Schmidt Hendrik, Heuer Frank, Drumm Joerg, Klezl Zdenek, Claes Lutz, Wilke Hans-Joachim
Institute of Orthopaedic Research and Biomechanics, University of Ulm, Helmholtzstrasse 14, 89081 Ulm, Germany.
Clin Biomech (Bristol). 2007 May;22(4):377-84. doi: 10.1016/j.clinbiomech.2006.11.008. Epub 2007 Jan 3.
An important step in finite element modeling is the process of validation to derive clinical relevant data. It can be assumed that defect states of a finite element model, which have not been validated before, may predict wrong results. The purpose of this study was to show the differences in accuracy between a calibrated and a non-calibrated finite element model of a lumbar spinal segment for different clinical defects.
For this study, two geometrically identical finite element models were used. An in vitro experiment was designed, deriving data for the calibration. Frequently used material properties were obtained from the literature and transferred into the non-calibrated model. Both models were validated on three clinical defects: bilateral hemifacetectomy, nucleotomy and interspinous defects, whereas in vitro range of motion data served as control points. Predictability and accuracy of the calibrated and non-calibrated finite element model were evaluated and compared.
Both finite element models could mimic the intact situation with a good agreement. In the defects, the calibrated model predicted motion behavior with excellent agreement, whereas the non-calibrated model diverged greatly.

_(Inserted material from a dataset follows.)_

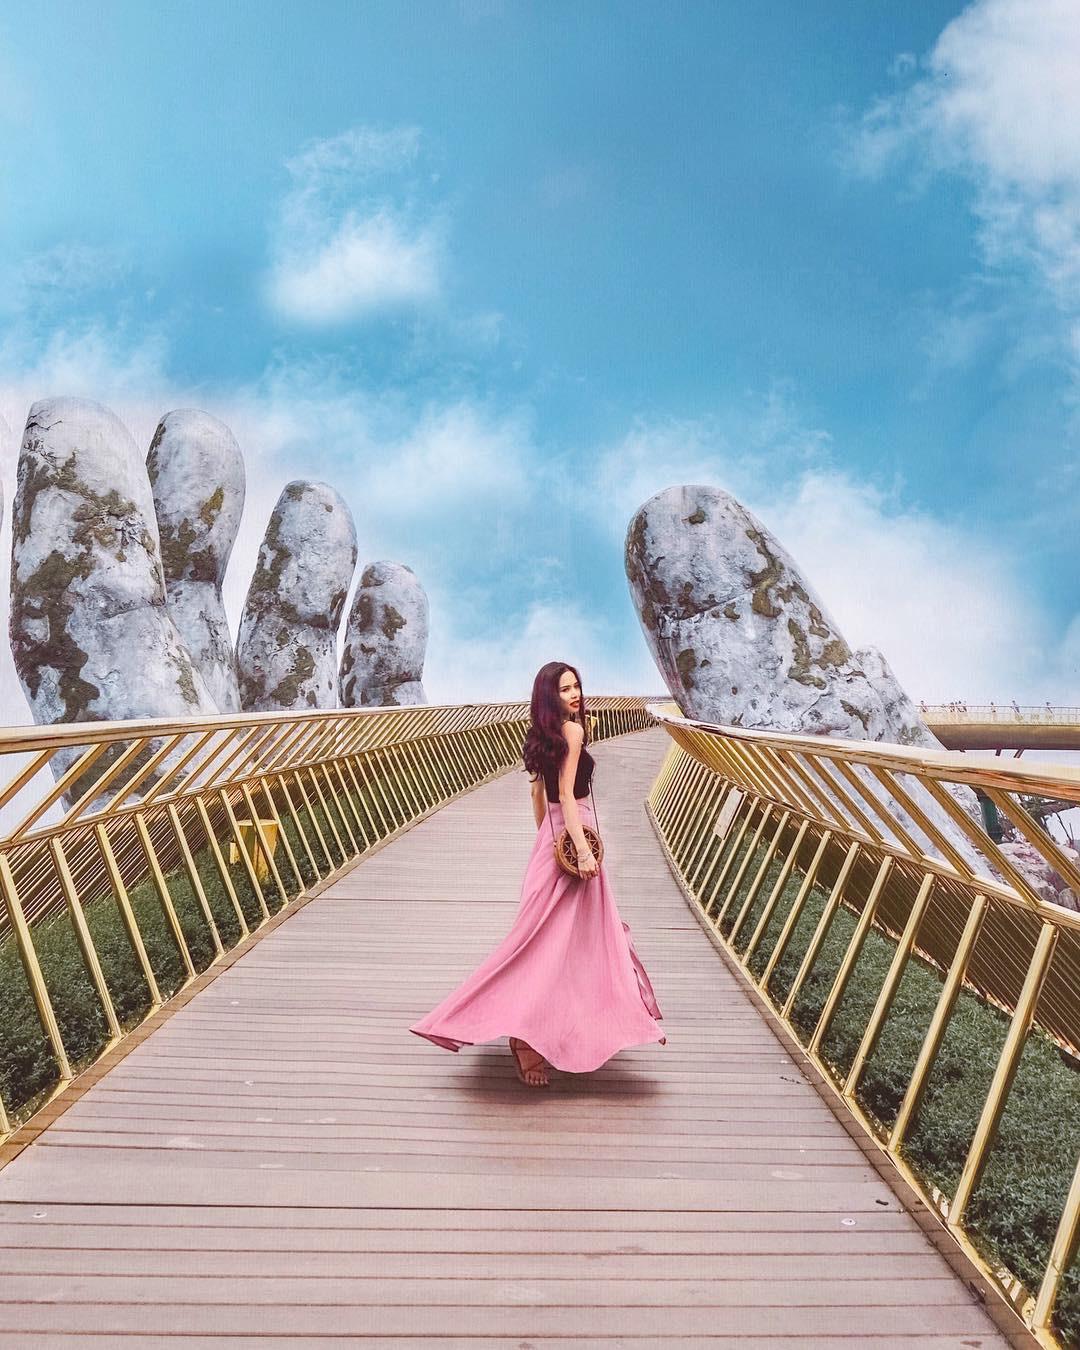 """""""Act cool đứng hình mất 5s"""" trước 8 cây cầu sống ảo đẹp nhất Việt Nam, bạn đã check-in hết chưa? - Ảnh 2."""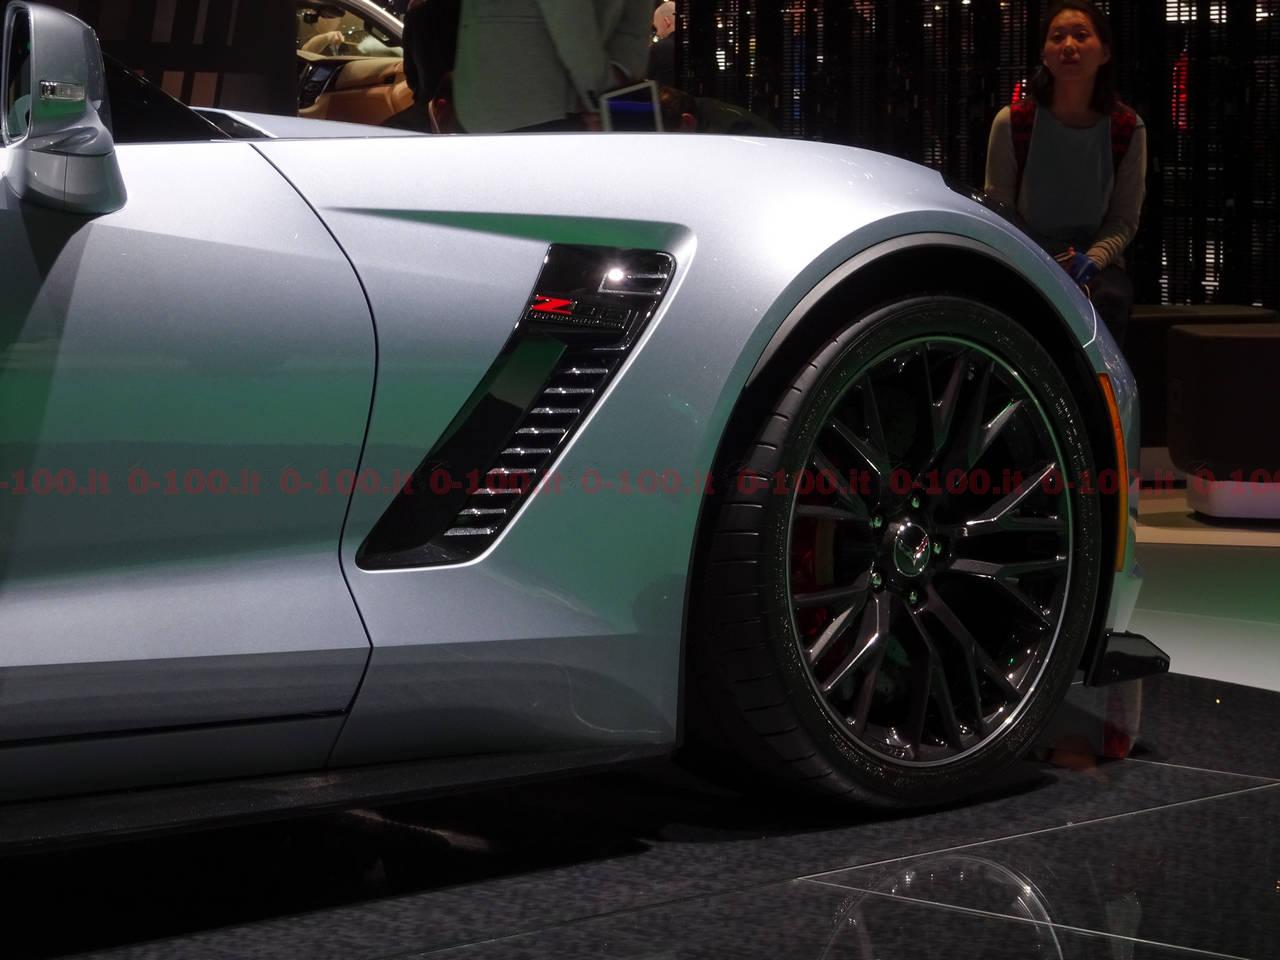 Ginevra-geneva-geneve-2017-Chevrolet-corvette-z06-0-100_6

Investigating the biomechanical performance of implants and load distribution of different spinal structures by numerical analysis requires not only good agreement with the intact segment, but also with the defect states, which are initiated prior to implant insertion. Because of more realistic results the calibration method may be recommended, however, it is more time consuming.
有限元建模中的一个重要步骤是验证过程,以获取临床相关数据。可以假设,未经验证的有限元模型的缺陷状态可能会预测错误的结果。本研究的目的是展示针对不同临床缺陷的腰椎节段校准和未校准有限元模型在准确性上的差异。
在本研究中,使用了两个几何形状相同的有限元模型。设计了一项体外实验,以获取校准数据。常用材料属性从文献中获取并输入到未校准模型中。两个模型都针对三种临床缺陷进行了验证:双侧半椎板切除术、髓核切除术和棘突间缺陷,而体外运动范围数据用作控制点。对校准和未校准有限元模型的可预测性和准确性进行了评估和比较。
两个有限元模型都能很好地模拟完整状态。在缺陷情况下,校准模型对运动行为的预测与实际情况高度吻合,而未校准模型则有很大偏差。
通过数值分析研究植入物的生物力学性能和不同脊柱结构的载荷分布,不仅需要与完整节段高度吻合,还需要与植入物插入前出现的缺陷状态高度吻合。由于结果更符合实际情况,可能推荐使用校准方法,然而,该方法更耗时。